_YOUR ASSIGNMENT_:
Return all entries verbatim; skip any pictures.

------------------------------------------------------------------------

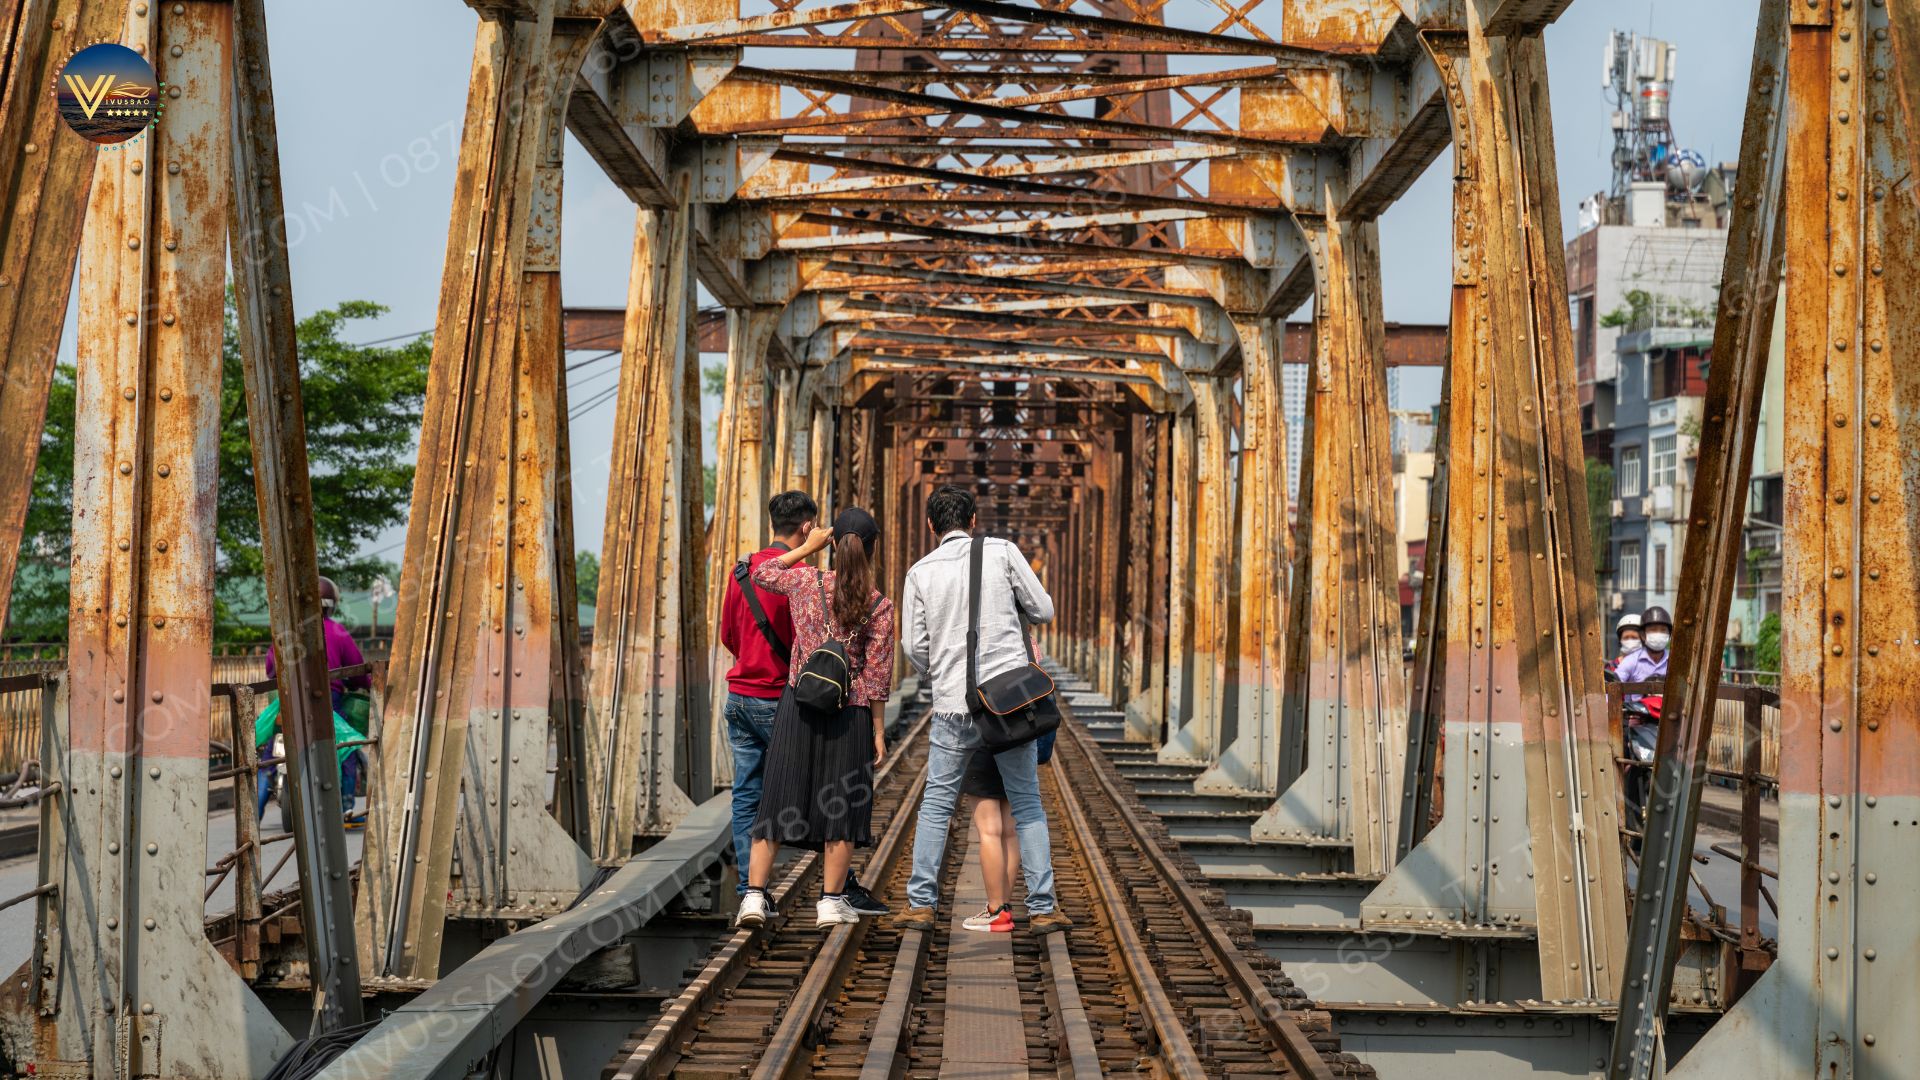 Cầu Long Biên - Kỳ quan kiến trúc và “Chứng nhân lịch sử” của Việt Nam 2023
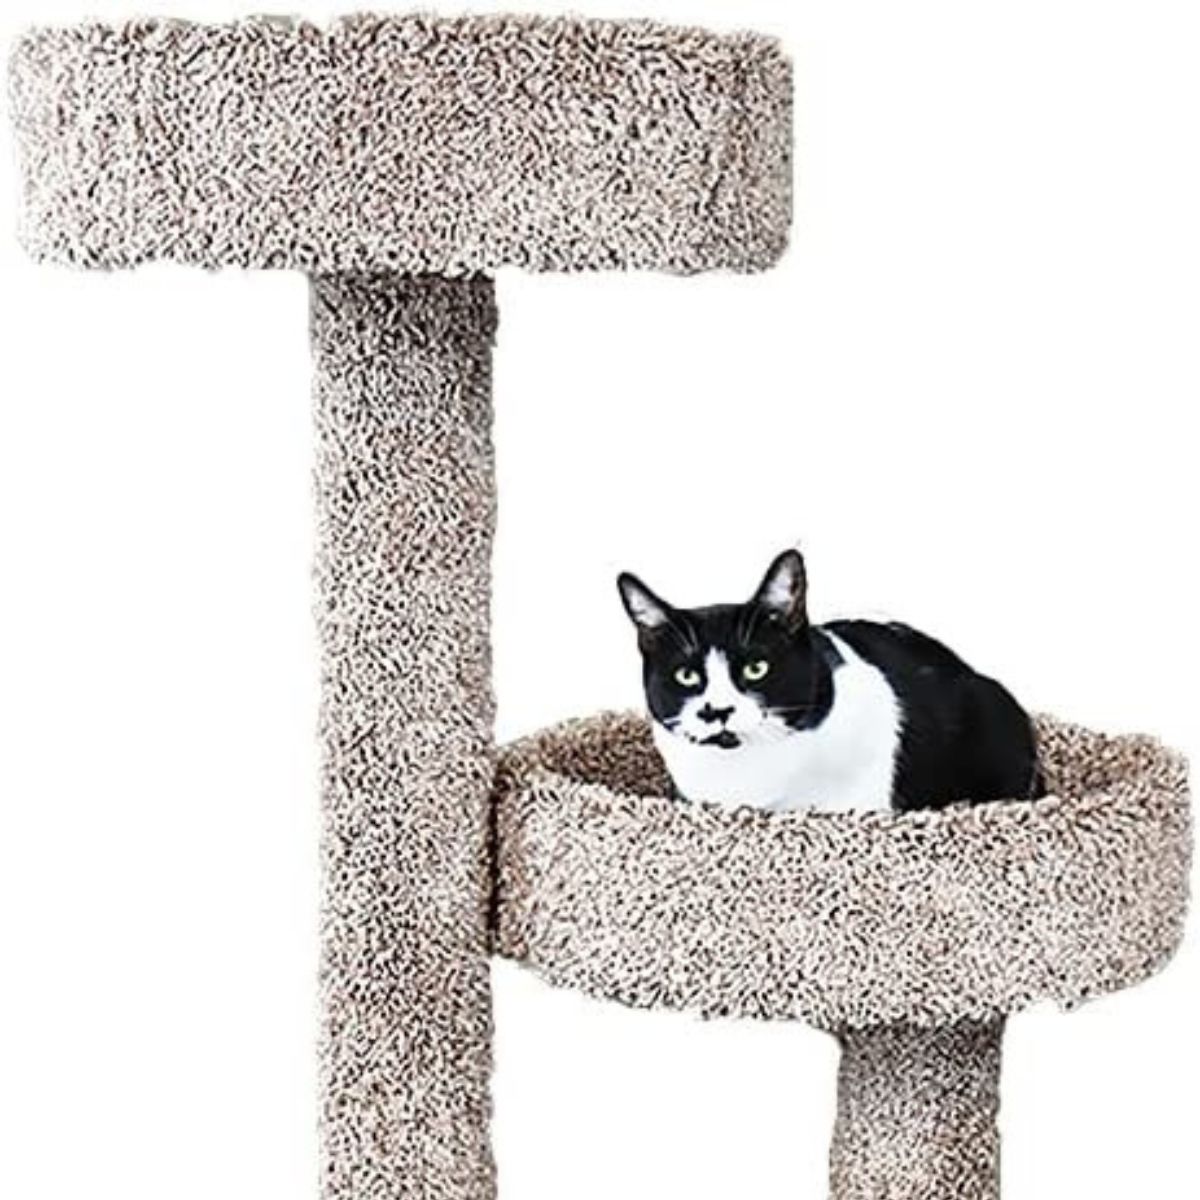 New Cat Condos Cat Tree
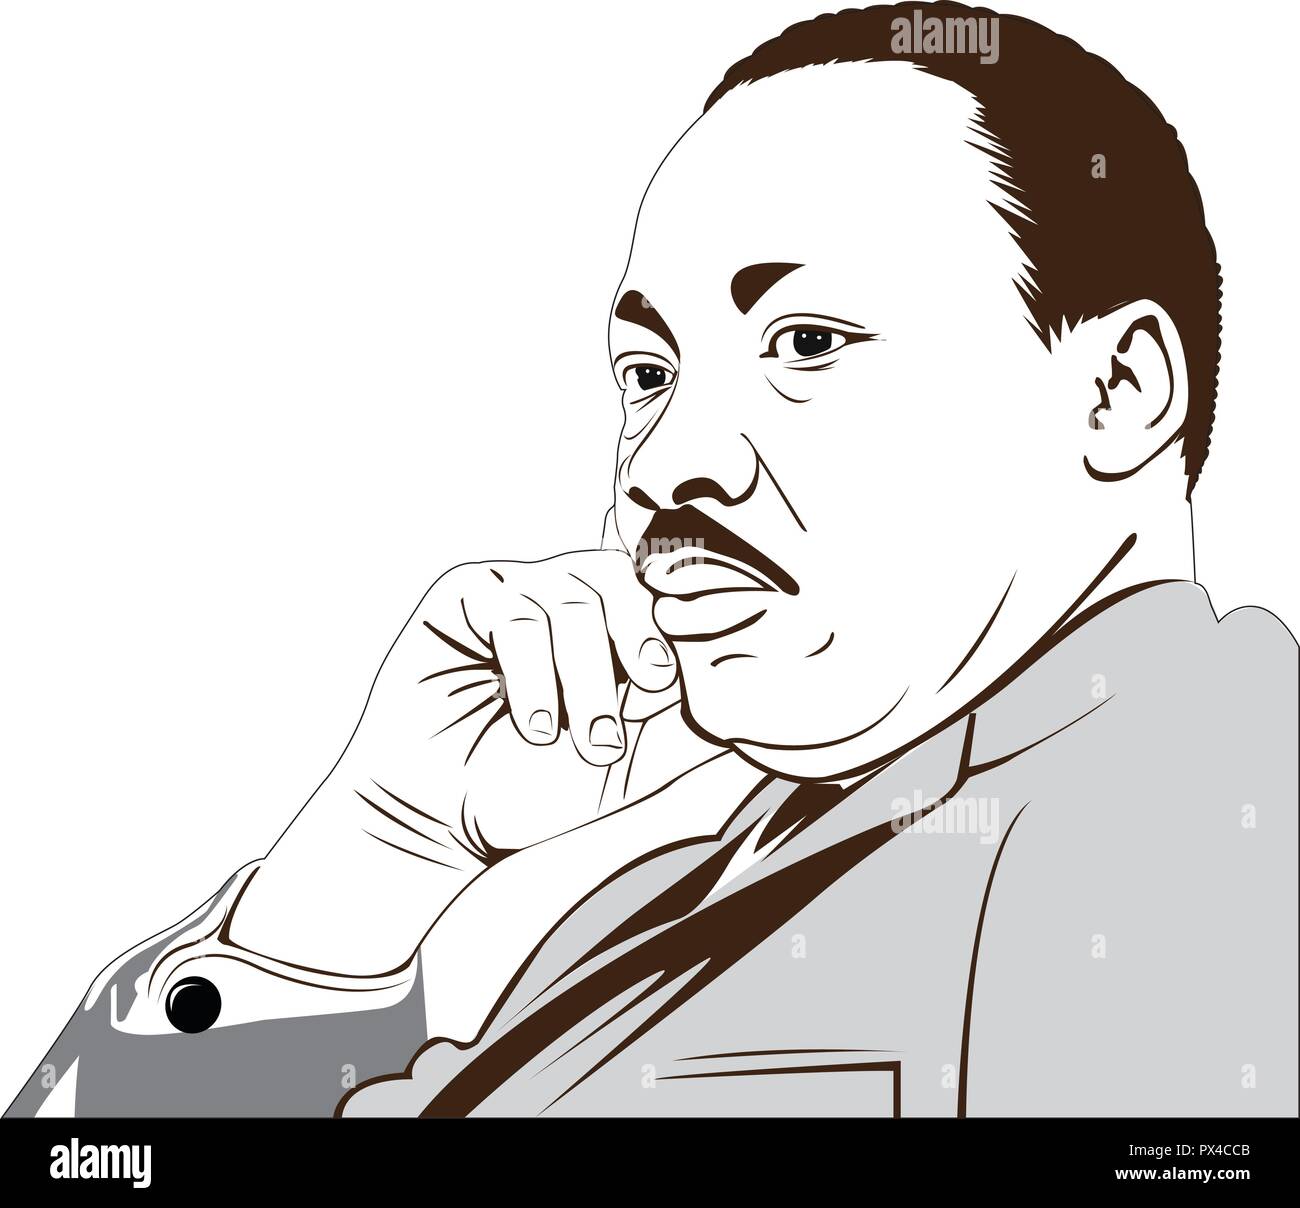 Martin Luther King Jr. (1929 - 1968) un americano. dove ha pronunciato il suo famoso "Ho un sogno" discorso. immagine vettoriale di Martin Luther King. Illustrazione Vettoriale
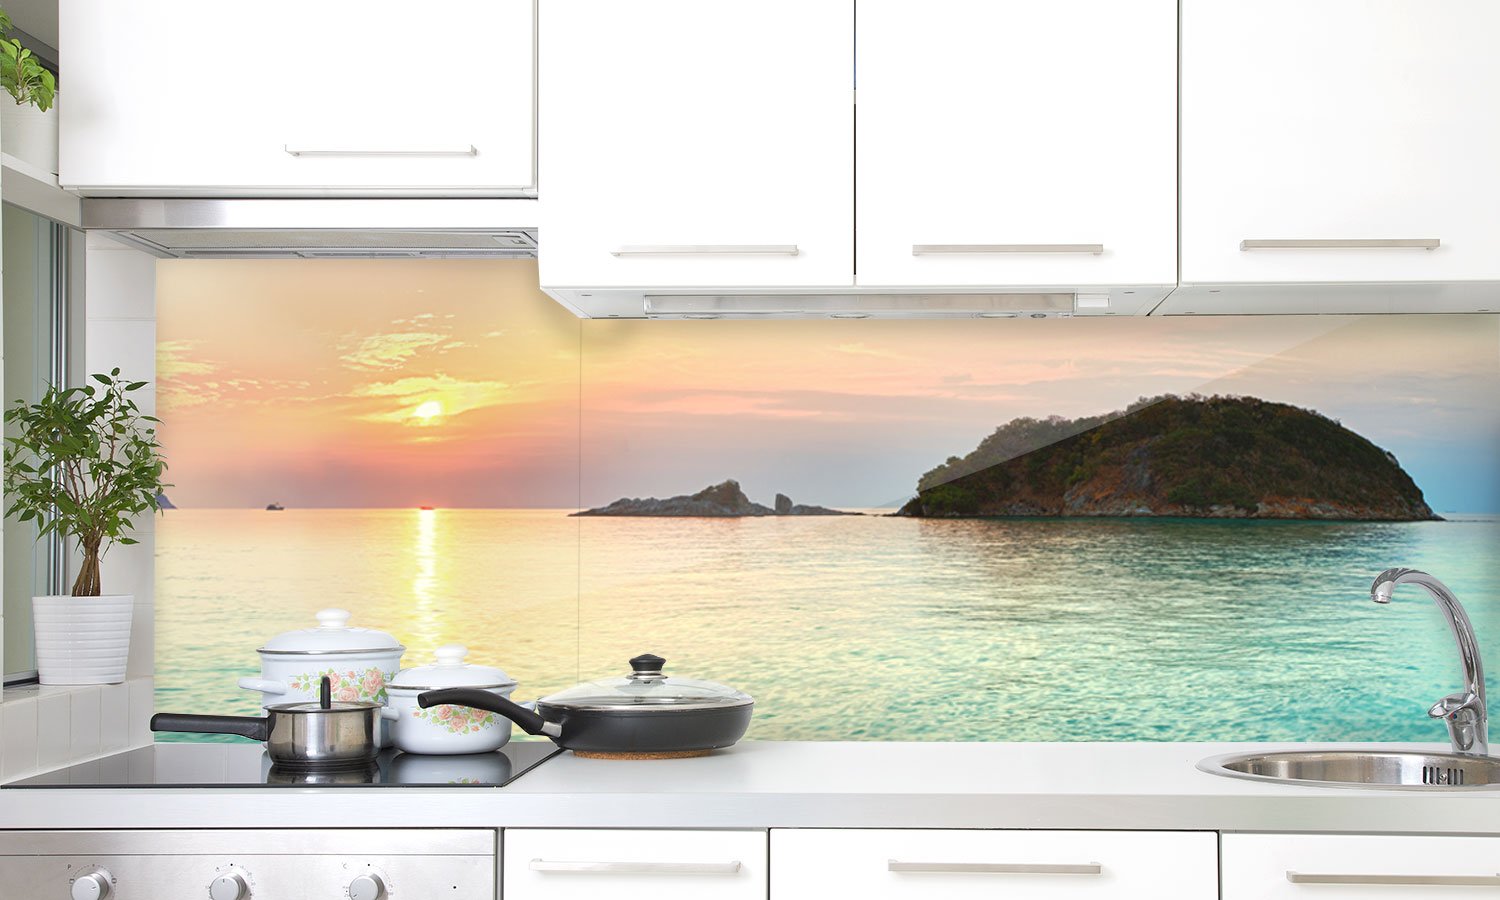 Kuhinjski paneli Abstract Smoke - Stekleni / PVC plošče / Pleksi steklo - s tiskom za kuhinjo, Stenske obloge PKU008 - Life-decor.si
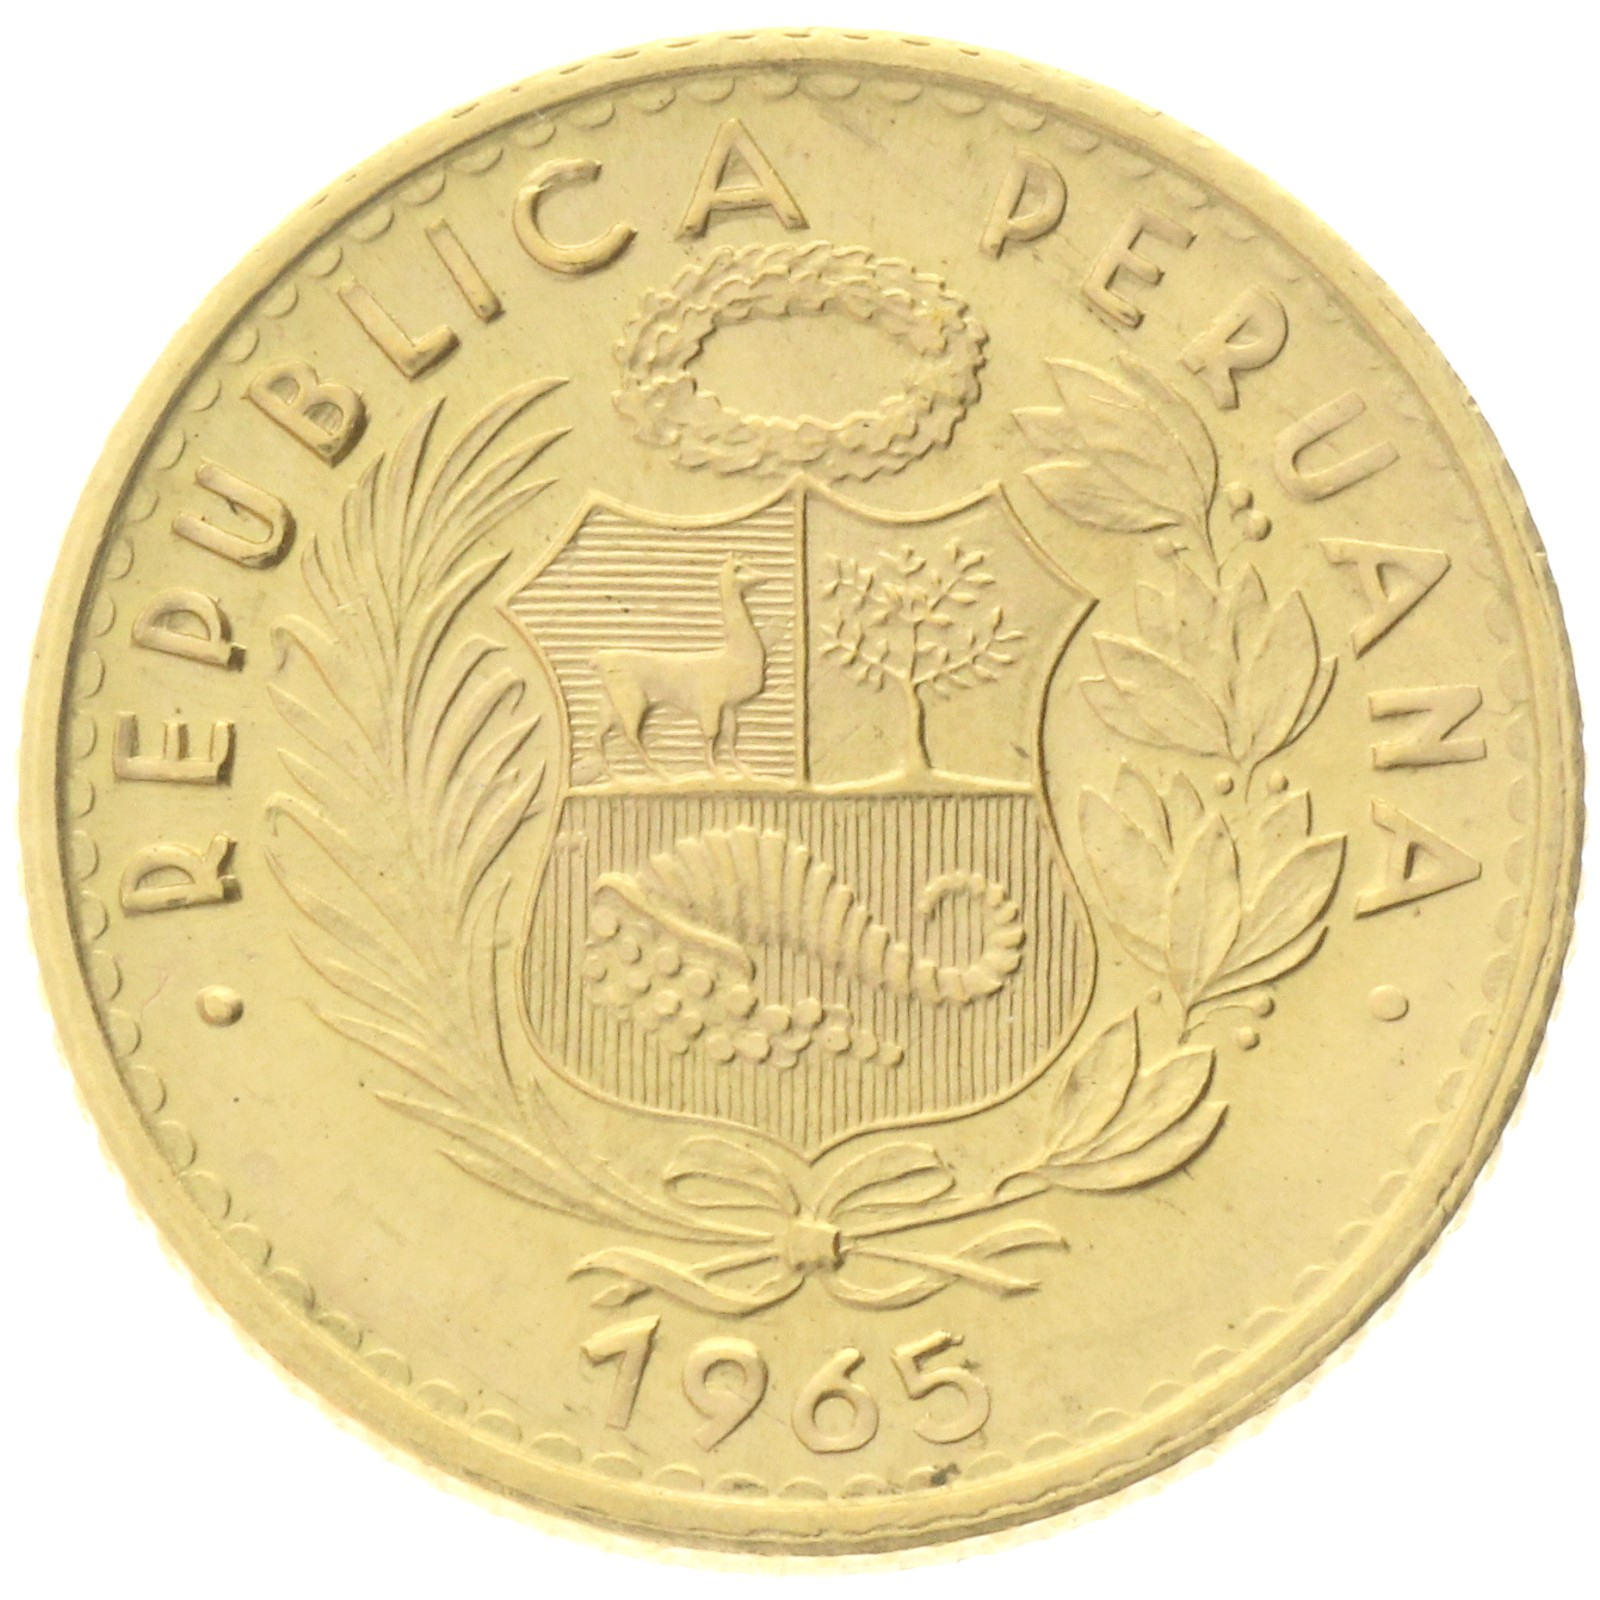 Peru - 10 Soles - 1965

------------------------------------------------------------------------

_RESPONSE TO THIS EXERCISE_:
 Cầu Long Biên - Kỳ quan kiến trúc và “Chứng nhân lịch sử” của Việt Nam 2023
 New Cat Condos Cat Tree
 Martin Luther King Jr. (1929 - 1968) un americano. dove ha pronunciato il suo famoso "Ho un sogno" discorso. immagine vettoriale di Martin Luther King. Illustrazione Vettoriale
 Kuhinjski paneli Abstract Smoke - Stekleni / PVC plošče / Pleksi steklo - s tiskom za kuhinjo, Stenske obloge PKU008 - Life-decor.si
 Peru - 10 Soles - 1965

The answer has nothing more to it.